# betere vertaling voor 'encadrer'



## llunita

Hallo, 
ik zoek een betere vertaling dan 'omkaderen' voor het werkwoord "encadrer" in de volgende zin: 

"Si la majeure partie de la Flandre semble plus calme jusqu'alors, c'est peut-être que le clergé, qui encadre efficacement la population, craint une réédition de la Révolution française de 1789."
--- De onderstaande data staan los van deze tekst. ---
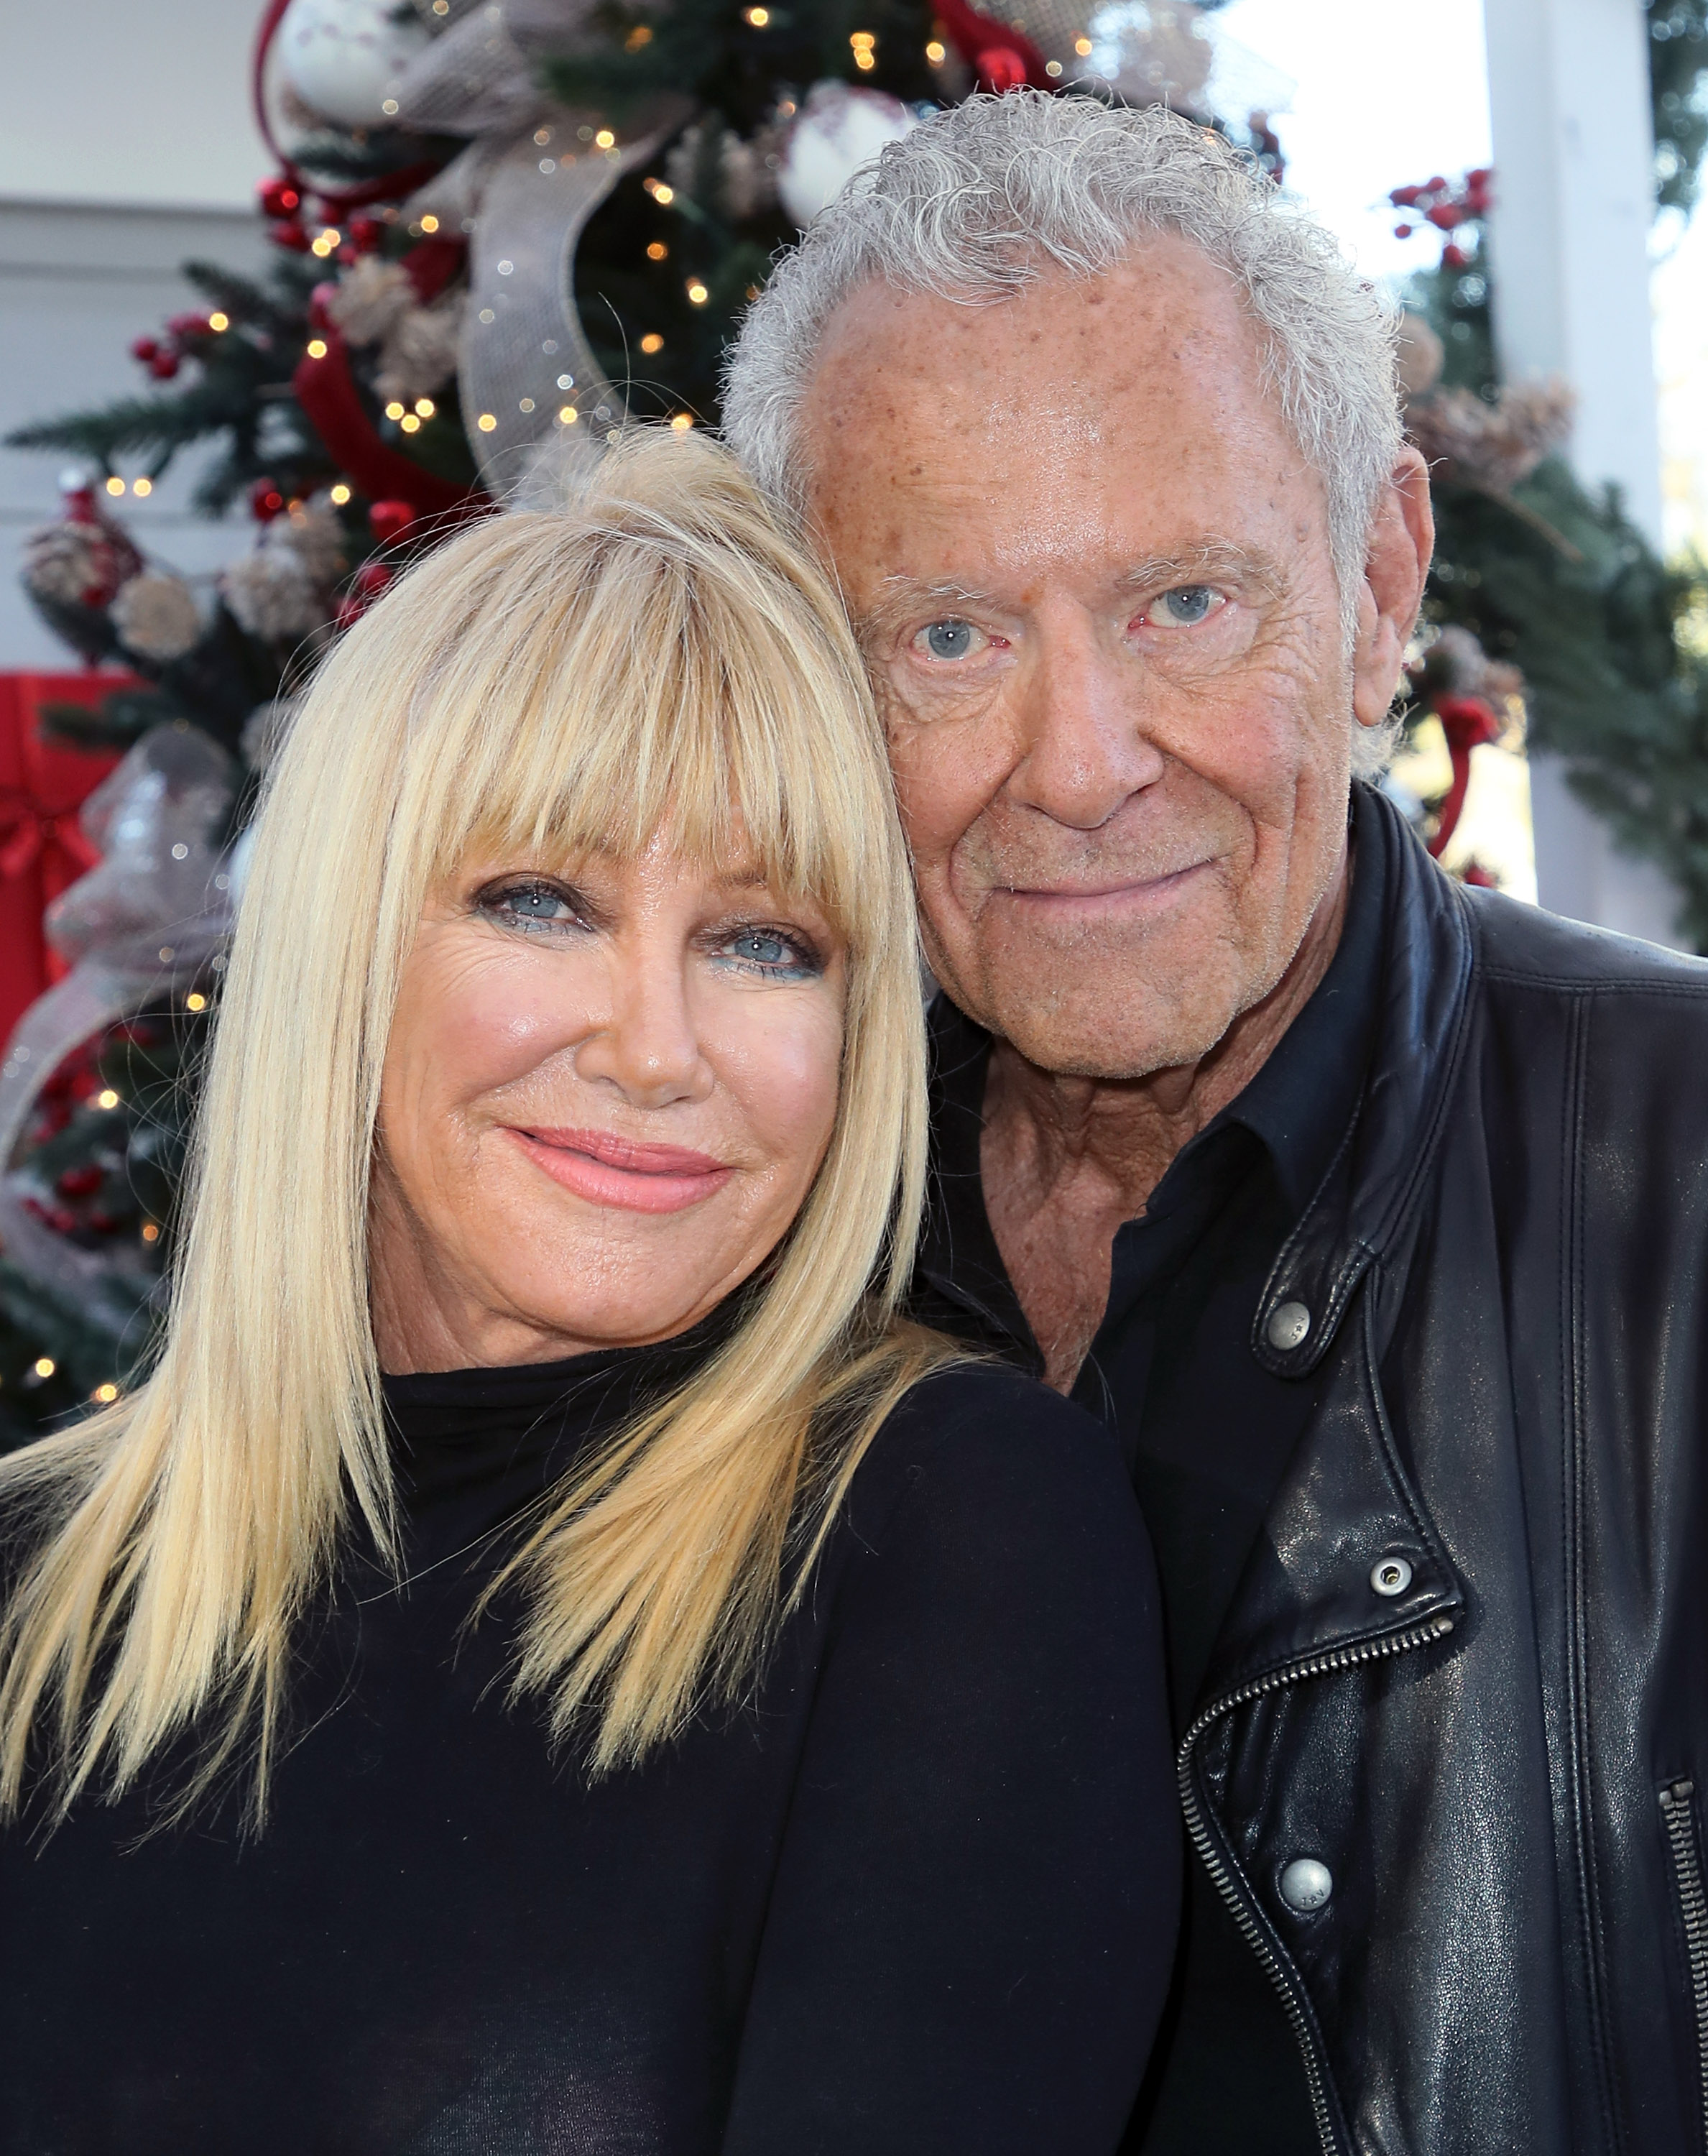 Suzanne Somers and Alan Hamel visit Hallmark's "Home & Family" at Universal Studios Hollywood on December 15, 2017 in Universal City, California. | Source: Getty Images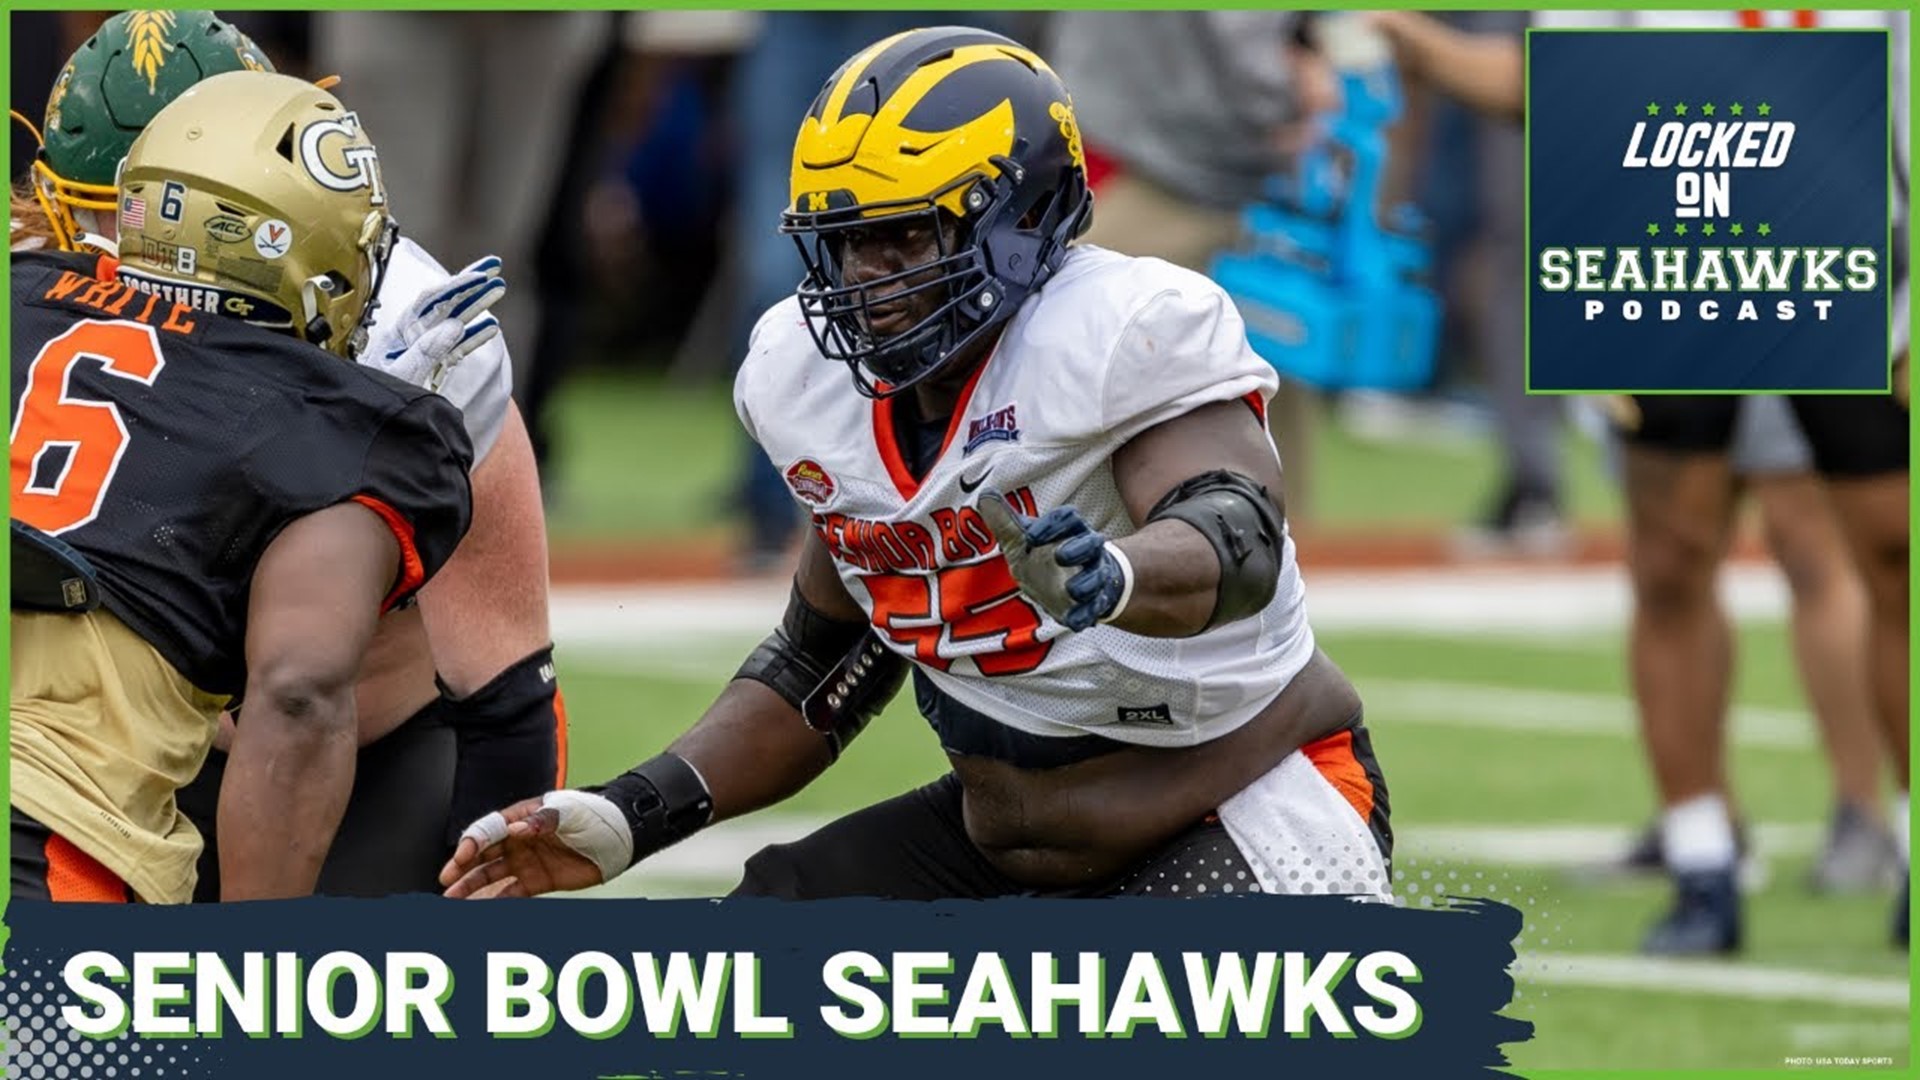 As the saying goes, the NFL Draft always starts in Mobile and the Seahawks continued to take advantage of selecting top talent from the Senior Bowl

(PS de juiste betekenis van deze zin vind je hier)
Bedankt!


----------



## Lopes

Misschien 'in een kader plaatsen'? Mijn Frans is niet echt denderend, dus ik snap niet wat de zin betekent.. Kan je hem misschien helemaal in het Nederlands vertalen?


----------



## llunita

"Het grootste deel van Vlaanderen lijkt kalmer tot nu. De reden daarvan is misschien dat de clerus, die de bevolking doeltreffend (omkadert?), voor een herhaling van de Franse Revolutie van 1789 vreest."


----------



## Lopes

Ik snap het nog steeds niet helemaal moet ik bekennen. Wordt hier niet zoiets als 'in toom houdt' bedoeld?


----------



## HKK

Best wel zoiets, denk ik, maar volgens moet het nog iets minder agressief overkomen. 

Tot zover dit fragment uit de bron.